Sending strong warning to the federal government on the Nigeria’s rising debt profile, Obasanjo said the nation’s debt grew by as much as 700 percent to N24.947 trillion ($81.274 billion), from $10.32 billion in just four years (2015).
He noted that the implication of the piling debts is that the country would have to commit half of its foreign earnings to servicing its current level of indebtedness.
Obasanjo was a keynote speaker at the “Why I am Alive” campaign celebration in Lagos, tagged “The Nigerian Story” created by media personality and chief executive of Eureka Productions, Caroline Moore.
The former President was at the helms between 1999 and 2007 following Nigeria’s return to civil rule. Prior to his second coming he had served as military head of state between 1976 and 1979.

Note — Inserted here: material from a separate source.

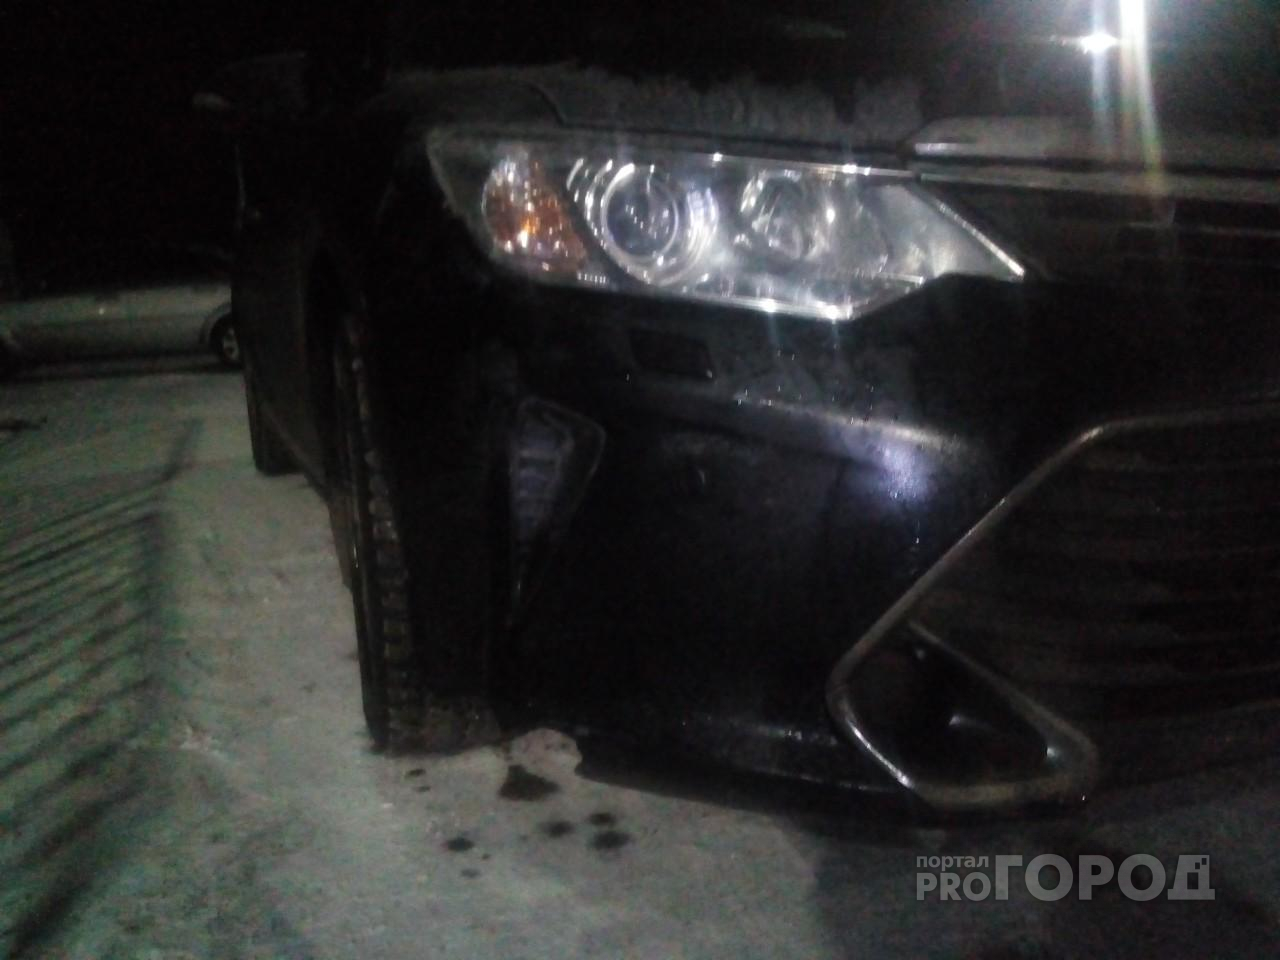 В Чувашии Toyota Camry сбила мужчину и скрылась

Obasanjo who got many accolades for overseeing the debt pardon/repayment of external debt owed the Paris Club cartel up to the tune of $30 billion during his tenure in office said “Such a situation (the rising debt profile) talks about impending bankruptcy.”
He averred that “no entity can survive while devoting 50 percent of its revenue to debt servicing.”
He explained that the current budget out of which Nigeria spends 25 percent to service debt “is not the country’s total earning; a lot of it is also borrowing. Simply put, we are borrowing to service what we have borrowed and yet we are borrowing more.
“I do not need the brain of any genius to conclude that those who use statistics to dig us deeper into debt are our enemies: statistics can be used to serve any purpose, and that is why Winston Churchill talked of lies, damn lies and statistics, meaning statistics can be made master of lies.”
Calling for national dialogue or debate on Nigeria’s short, medium and long-term plans as a nation, Obasanjo said his biggest worry was that, with the scale of debts the country was walking into, “there are already fiscal challenges to meet(ing) our obligations.”